Outback cofounder Bob Basham is directing the brand with his brother, Richard Danker.

Bob Basham’s brother told him a long time ago, people would always eat, and they’d drink, too. So being in the restaurant business wasn’t such a bad spot to land.

This was the early 1970s and Basham took him at his word in a Washington, D.C. eatery. A couple of years later, in 1973, Steak and Ale arrived in Virginia and Basham met Norman Brinker. He went to work for the famed restaurateur along with Jeff Newman, who Basham ultimately introduced to his brother, Richard Danker, and Bob Garner. In 1996, the trio opened Glory Days Grill, which celebrated its 30th anniversary this April, in Burke, Virginia.

In between, Basham would join Chris Sullivan, Trudy Cooper, and Tim Gannon, to cofound Outback Steakhouse in March 1998. And he’d help get Tampa-based fast casual PDQ off the ground in 2011. Danker was an original investor in Outback and owned steakhouse concept Danker’s in D.C. and Dank’s Deli (now Middleburg Deli) in Virginia.

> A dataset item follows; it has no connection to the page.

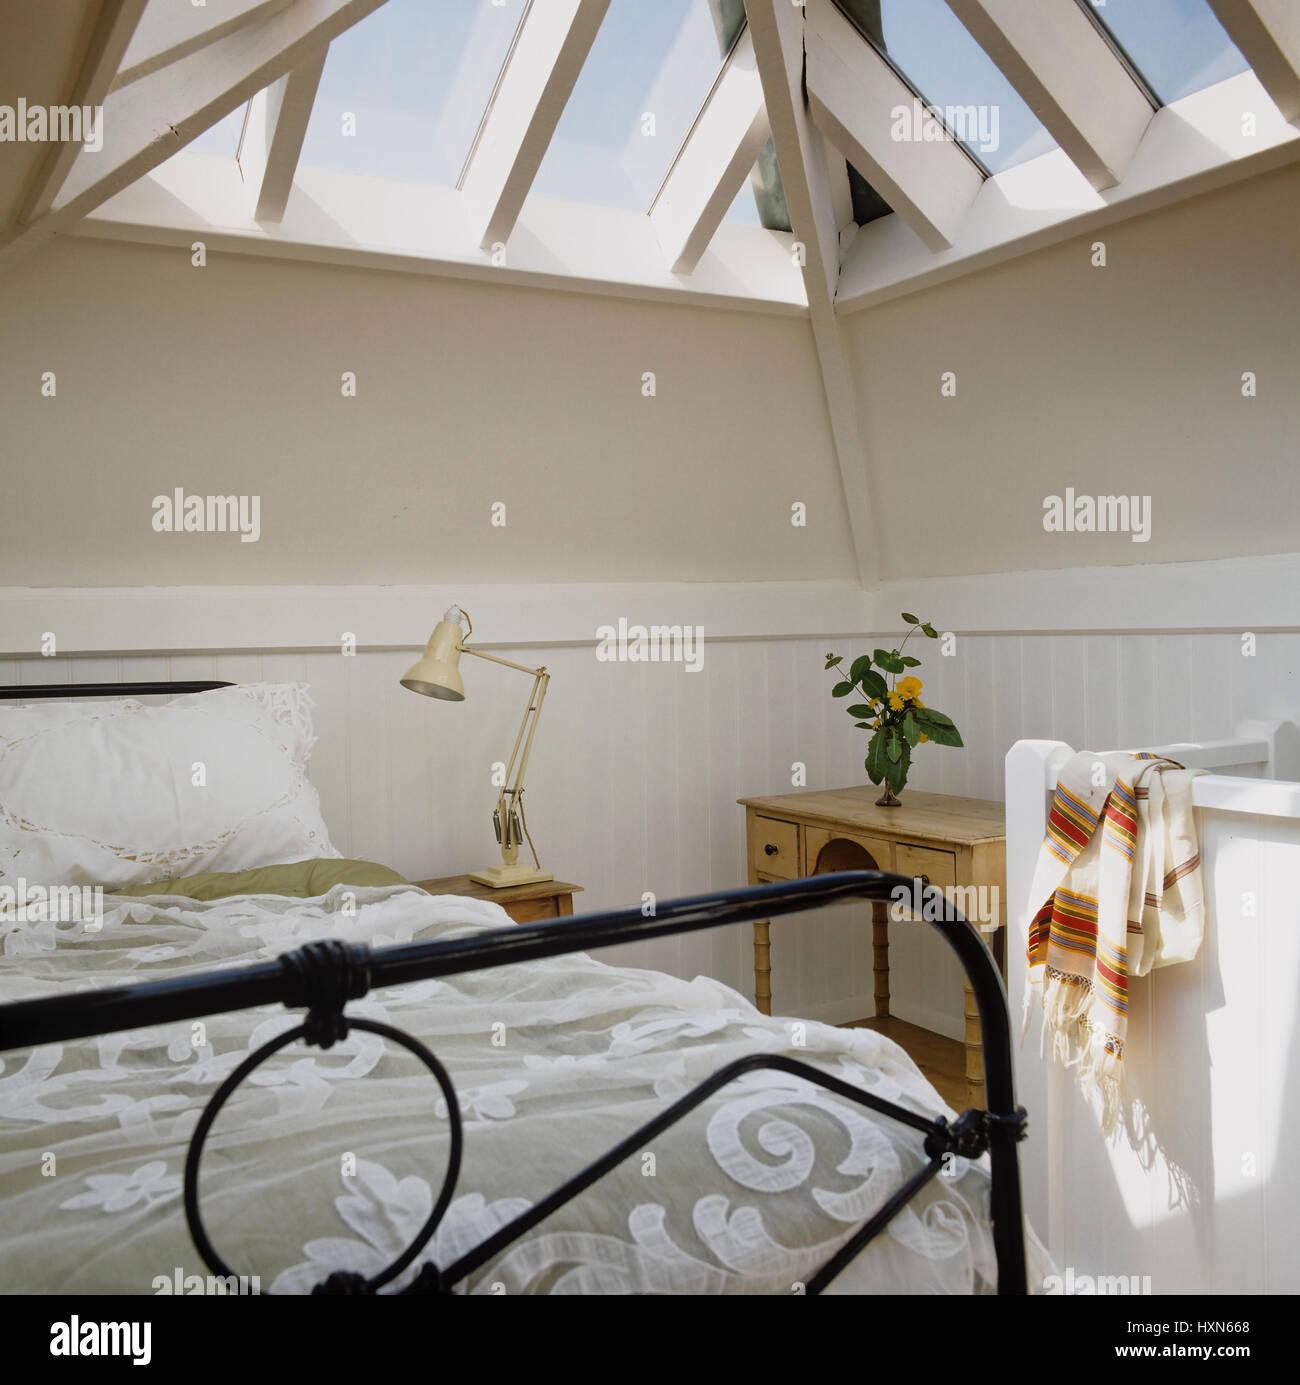 Metal Bed Stockfotos & Metal Bed Bilder - Alamy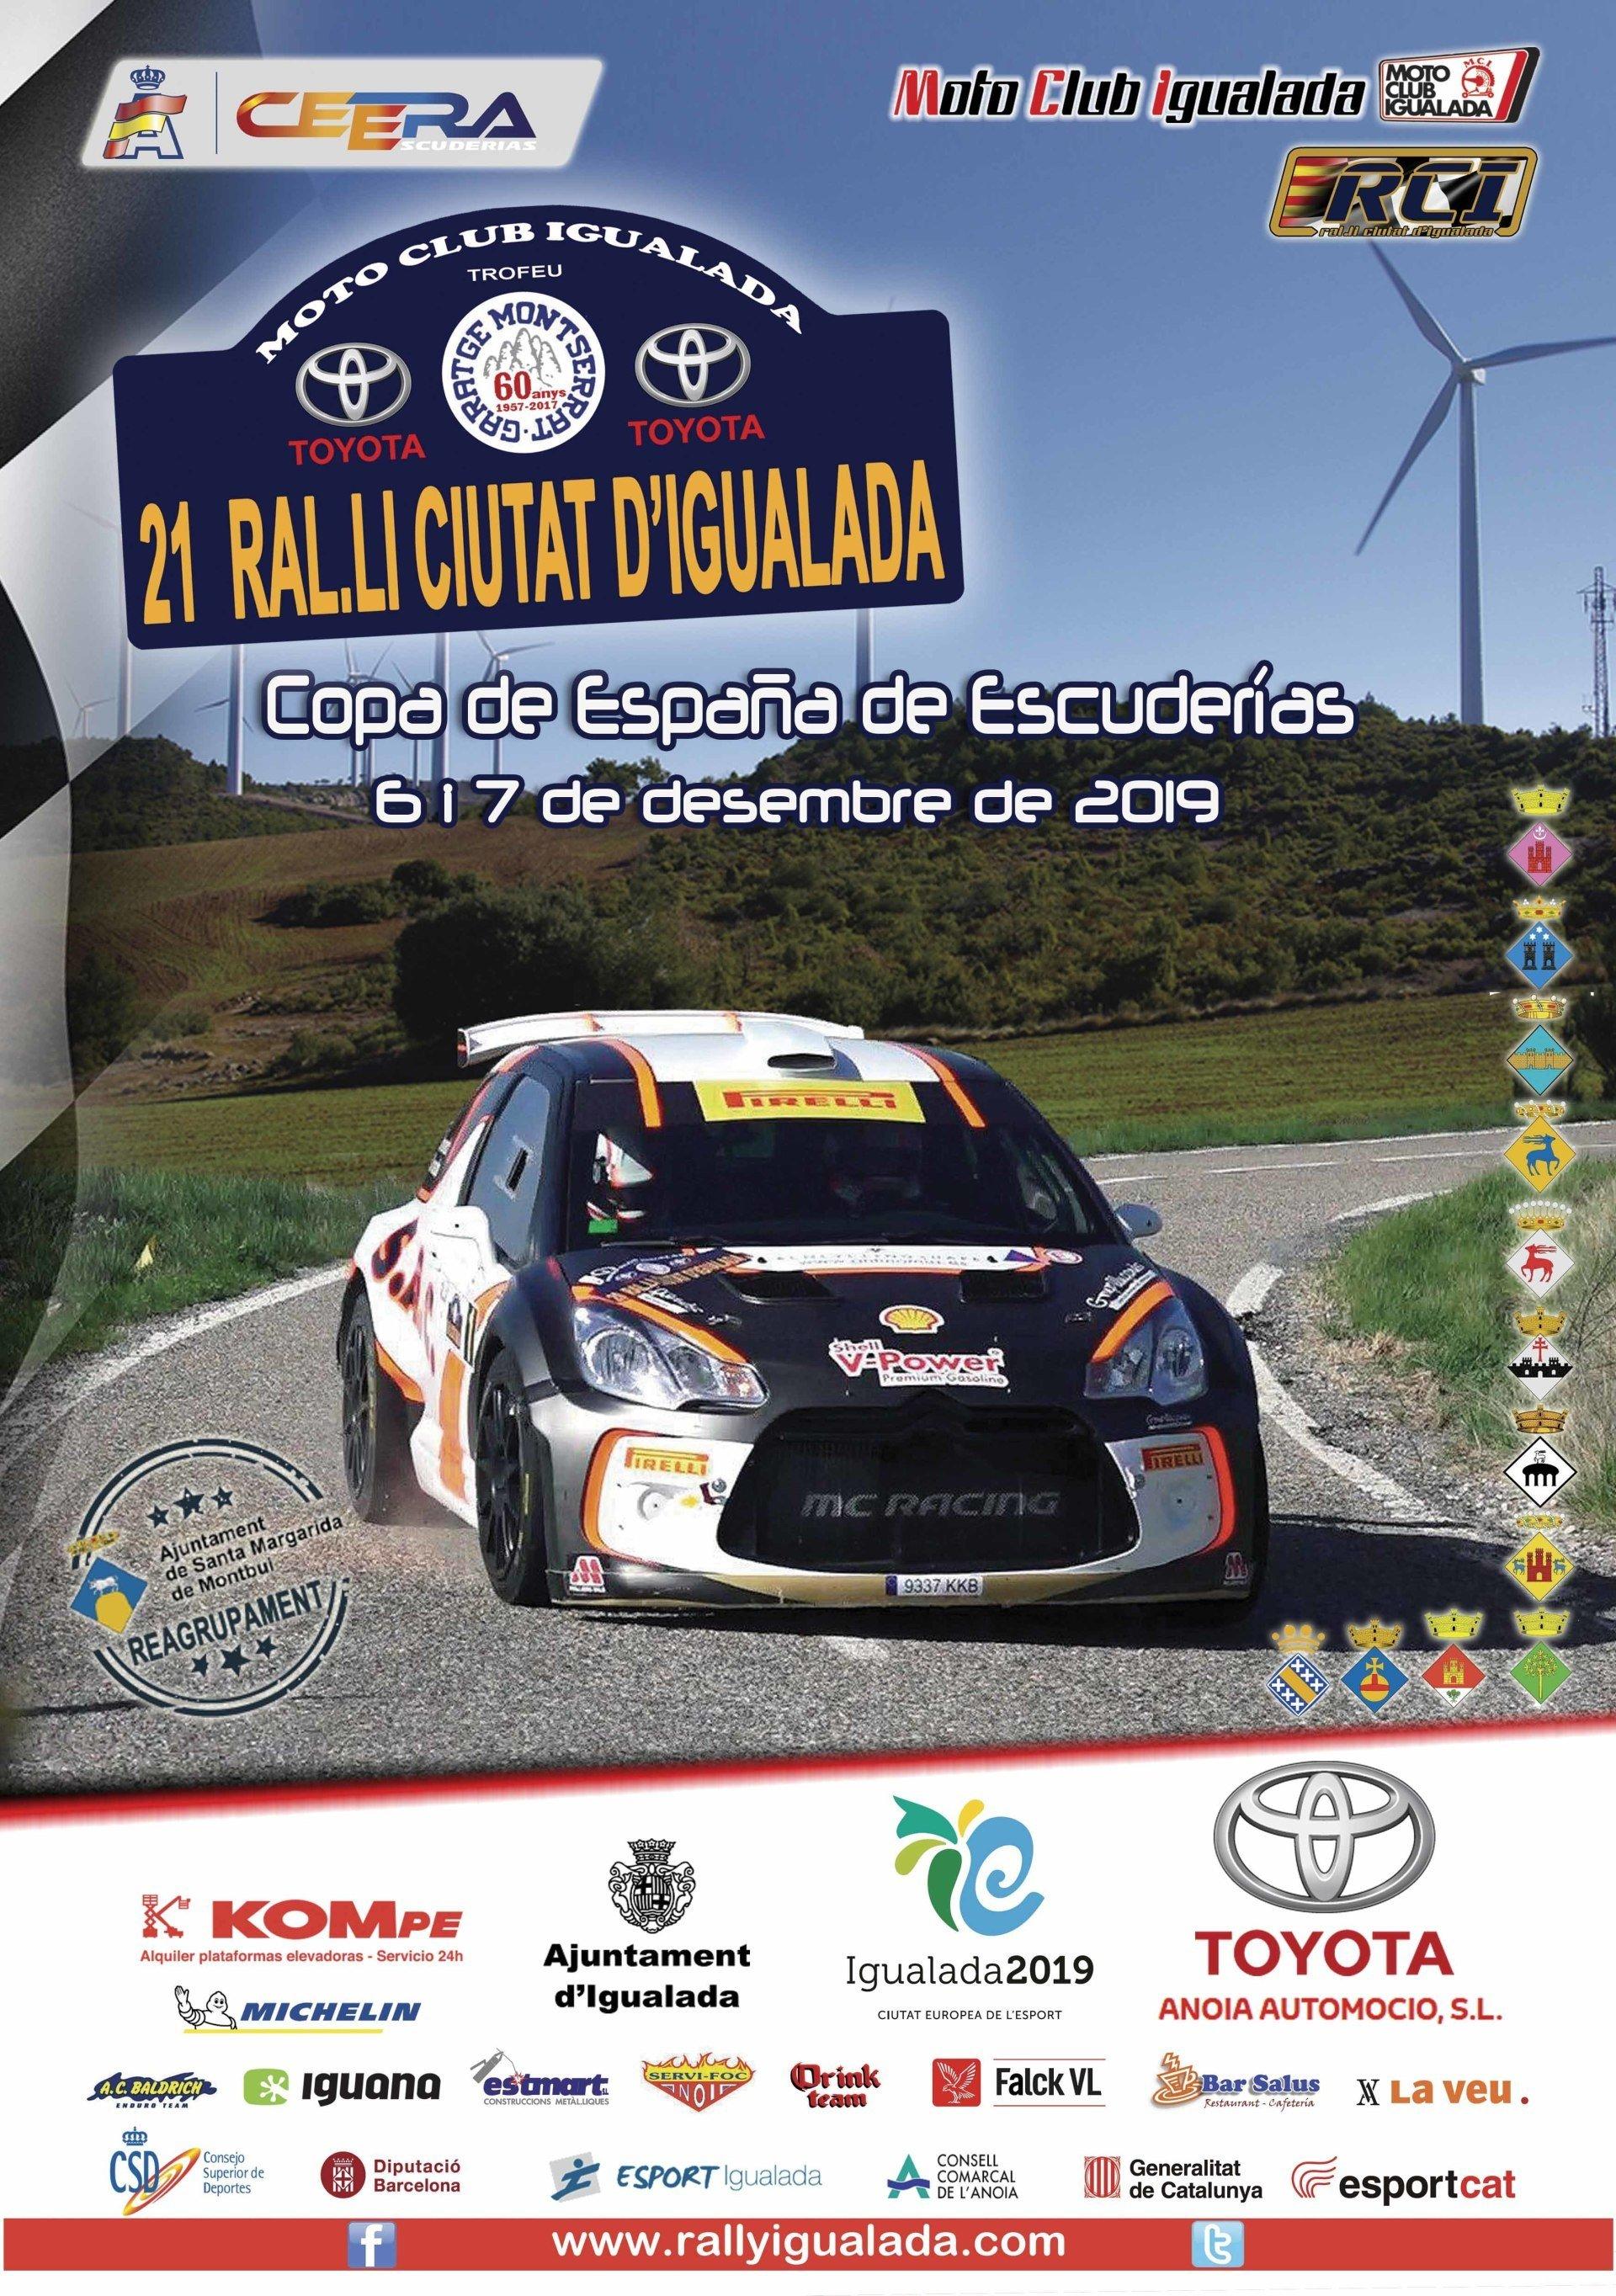 Campeonatos Regionales 2019: Información y novedades - Página 27 Cartell+Ralli+Ciutat+d-Igualada+2019+3+comp

Basham got involved with Glory Days as a franchisee in 2013. He was looking to rebrand Lee Roy Selmon’s, a now-defunct chain he acquired in 2008. Following the Pro Football Hall-of-Famer’s death three years later and family’s desire to exit the space, Basham discovered an outlet to turn Lee Roy Selmon’s into Glory Days versus trying to iterate a new concept. He developed the franchise opportunity alongside Carrabba’s veteran Jesse McPherson.

But one thing Basham hadn’t quite done, not since he and Danker clocked time together at their older brother’s D.C. restaurant those decades ago, was run a company in tandem.

That moment surfaced in the summer of 2022. Garner and Newman wanted to retire. Danker didn’t. In stepped Basham, who acquired the company’s then-22-unit corporate footprint in Virginia and Maryland and added it to his 15 Florida and Georgia Glory Days under new corporate parent company Play Ball USA.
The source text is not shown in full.